Non-Carcinogenic Hazards, Continued.

Chronic vs. sub-chronic toxicity

RfD is based on the NOAEL from toxicity testing. But often there are many tests, and these were conducted for different lengths of time. Sometimes there are important differences between the NOAEL from chronic or lifetime tests and NOAEL from tests of a shorter duration. If those differences are known and assumed important by the toxicologist, both a chronic, sub-chronic, and sometimes short-term RfDs are presented in the toxicity evaluation. The Intake used to compute the HQ would correspond to the RfD. The RfD is assumed to be chronic, unless stated otherwise.

Different routes

For the inhalation route, you compute the HQ by dividing the ambient concentration by the RfC. The process is otherwise the same and you can add the HI from the inhalation route to the HI from the oral route when arriving at the overall HI. Dermal is more problematic. You seldom find relevant RfDs for the dermal route. Get your resident toxicologist to make relevant assumptions and computations to help you through this one. Note what you did earlier with dust and dirt referred to oral exposure from ingesting the soil, not absorption through the skin.

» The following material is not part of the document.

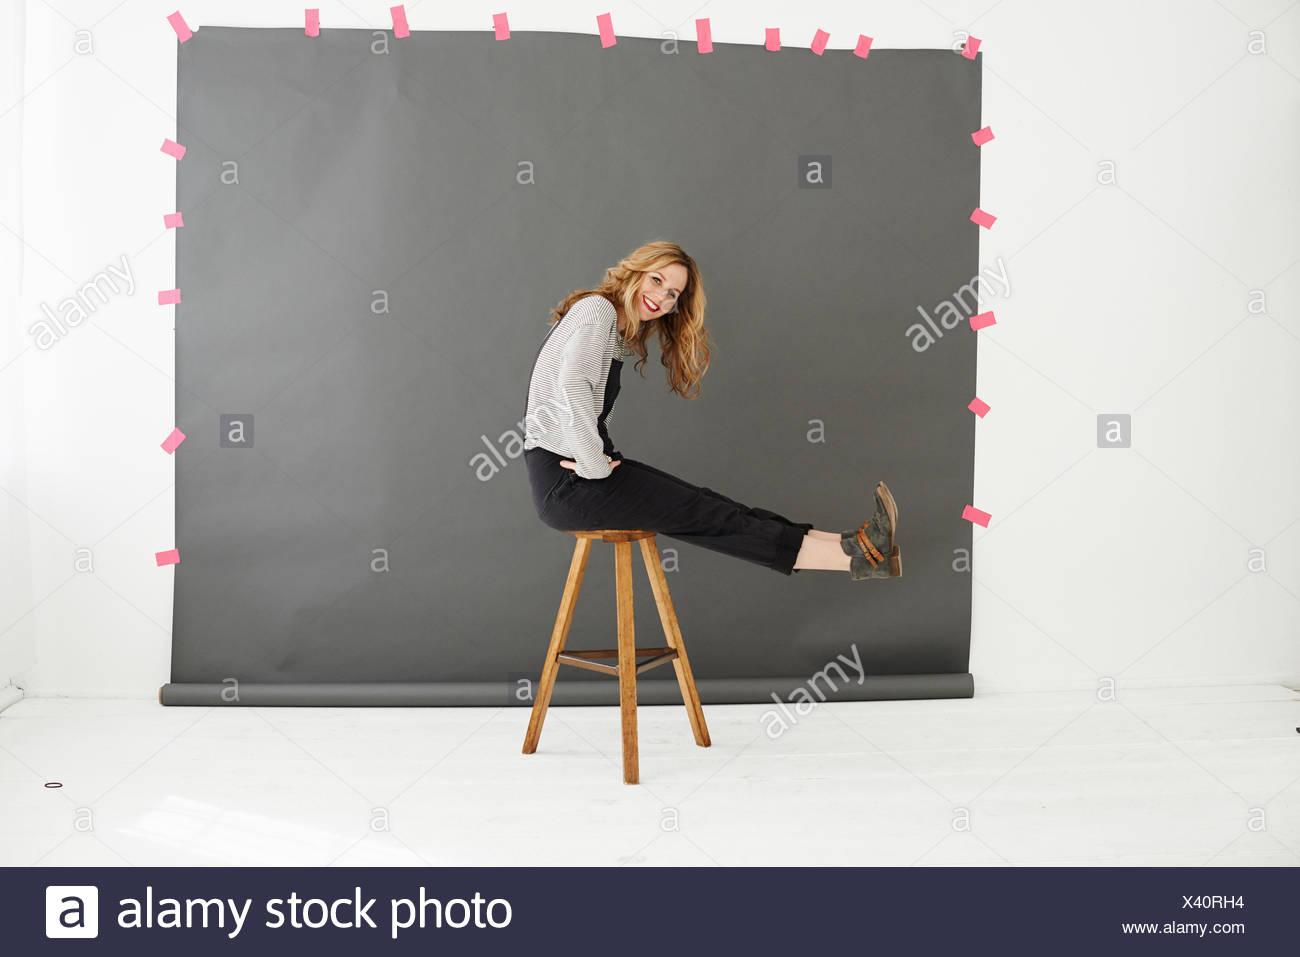 Donna su uno sgabello davanti dei fotografi di sfondo foto

Types of adverse health effect

If the HQ's for different chemicals are added, this is assumed conservative. That is, if the chemicals have different health effects or target organs, the HI's for the chemicals might be presented separately. I will mention here that much less is known about the combined effects of chemicals. When something is known, as it is for many drugs, the combined effects might be more or less than the sum of the individual effects.

Significant figures

The level of uncertainty in the expression of the RfD, the HQ's, and of the HI is high. Therefore they are not usually expressed to greater than whole number precision.